Photo: Drinking water scarcity (A woman carries water across the dry-bed of Neyyar reservoir, the main source of water for Trivandrum city, India), Uploaded by Feroze Babu

Innovar o echarse a dormir

Henry Peach Robinson

El Viernes pasado discutí el caso “elBulli: el Sabor de la Innovación” con mis alumnos del PDD. Es un caso atípico, en cuanto que no es “un negocio normal”, como dicen algunos, pero me permite discutir dos conceptos importantes: la creación de experiencias y la gestión de la innovación.

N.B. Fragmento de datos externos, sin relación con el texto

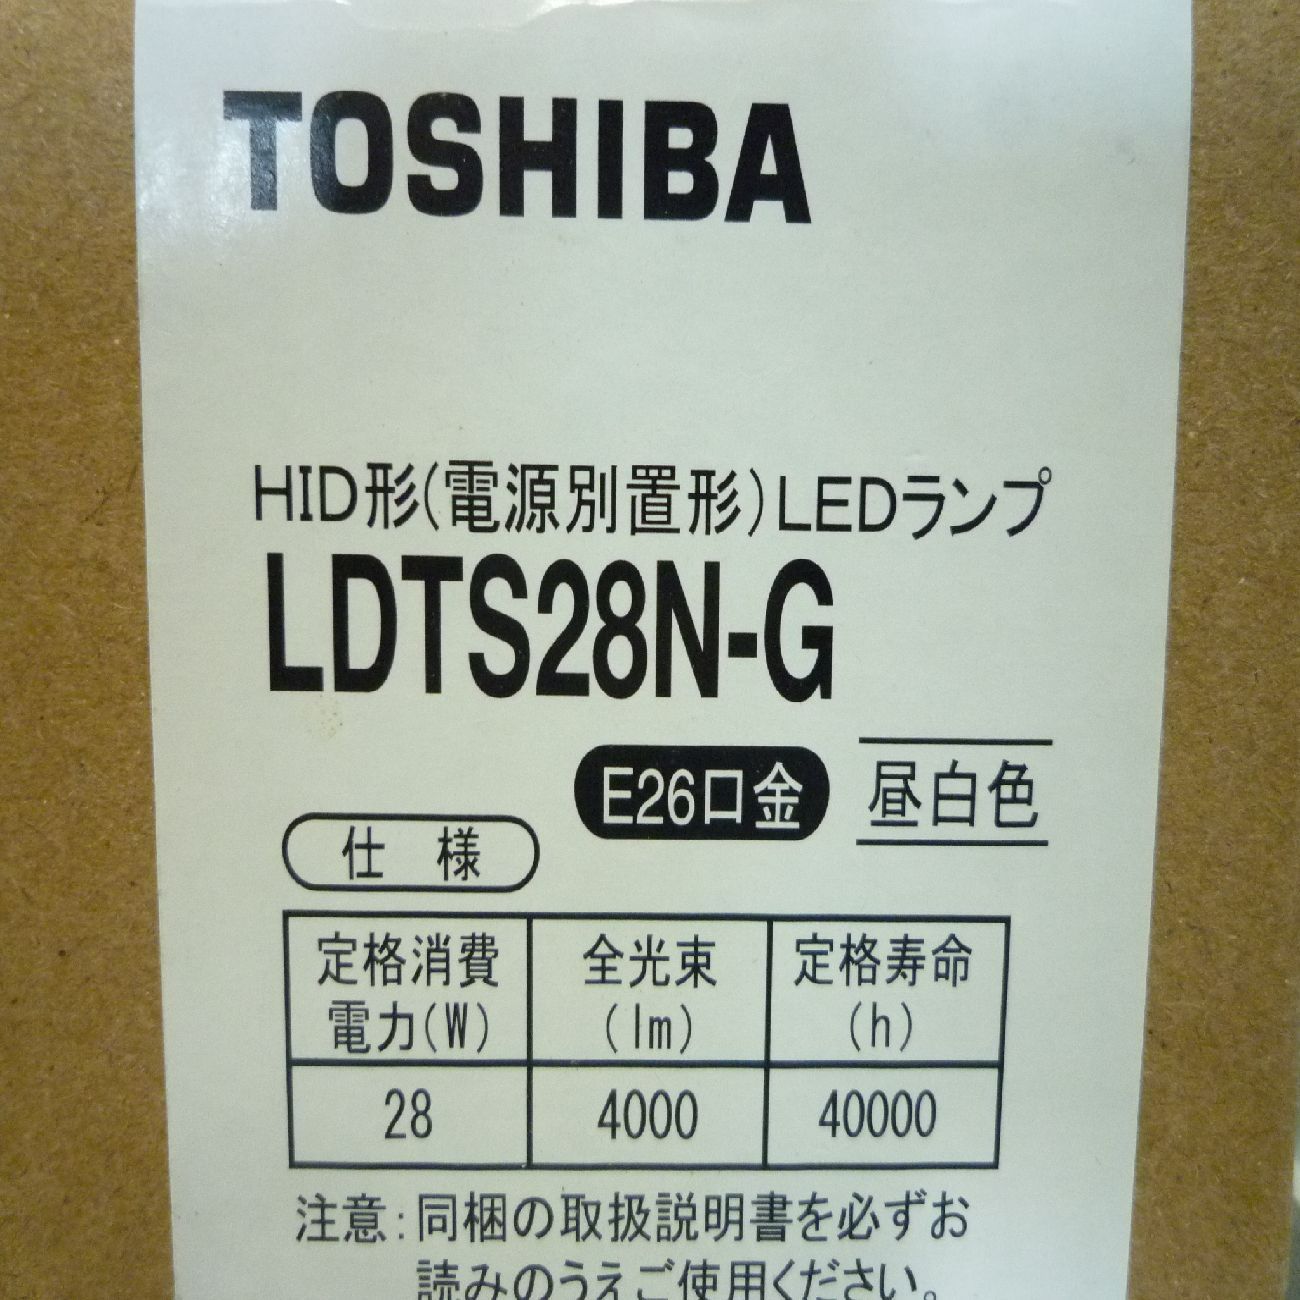 LDTS28N-G HID形LEDランプ 昼白色 E26口金 東芝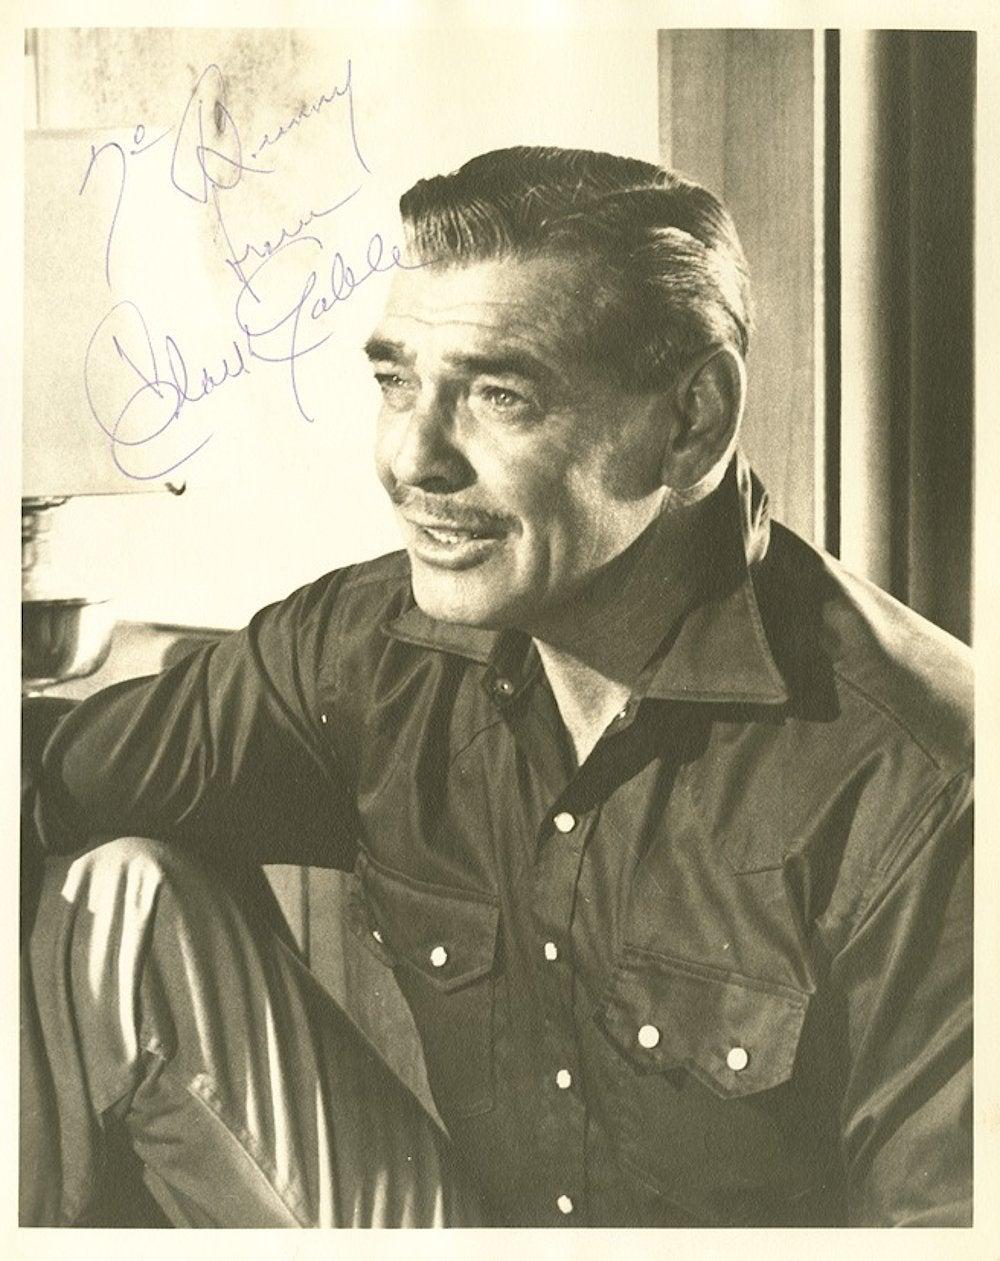 British Clark Gable Signed Photograph Black and White circa 1930s / 1940s

Puesto que los “posts” deben ser breves, me centraré en el segundo concepto: la innovación. A primera vista, cuando escribí el caso, lo que más me llamó la atención fue lo metódico que Ferran es al innovar: cierra seis meses, sigue un proceso muy definido, lo apunta todo… Pero realmente el proceso es poco novedoso. Ese mismo proceso (excepto en lo de cerrar) lo sigue desde hace décadas los best-in-class de cada industria (Nestle, P&G, Unilever).

A medida que he profundizado en el caso, me he dado cuenta que la mayor aportación de Ferran al mundo de la innovación es mucho más profunda que un proceso. Una relectura de “Mindfulness”, un magnífico libro de una profesora de Harvard, Ellen Langer, me ayudó a encapsular mis ideas desordenadas.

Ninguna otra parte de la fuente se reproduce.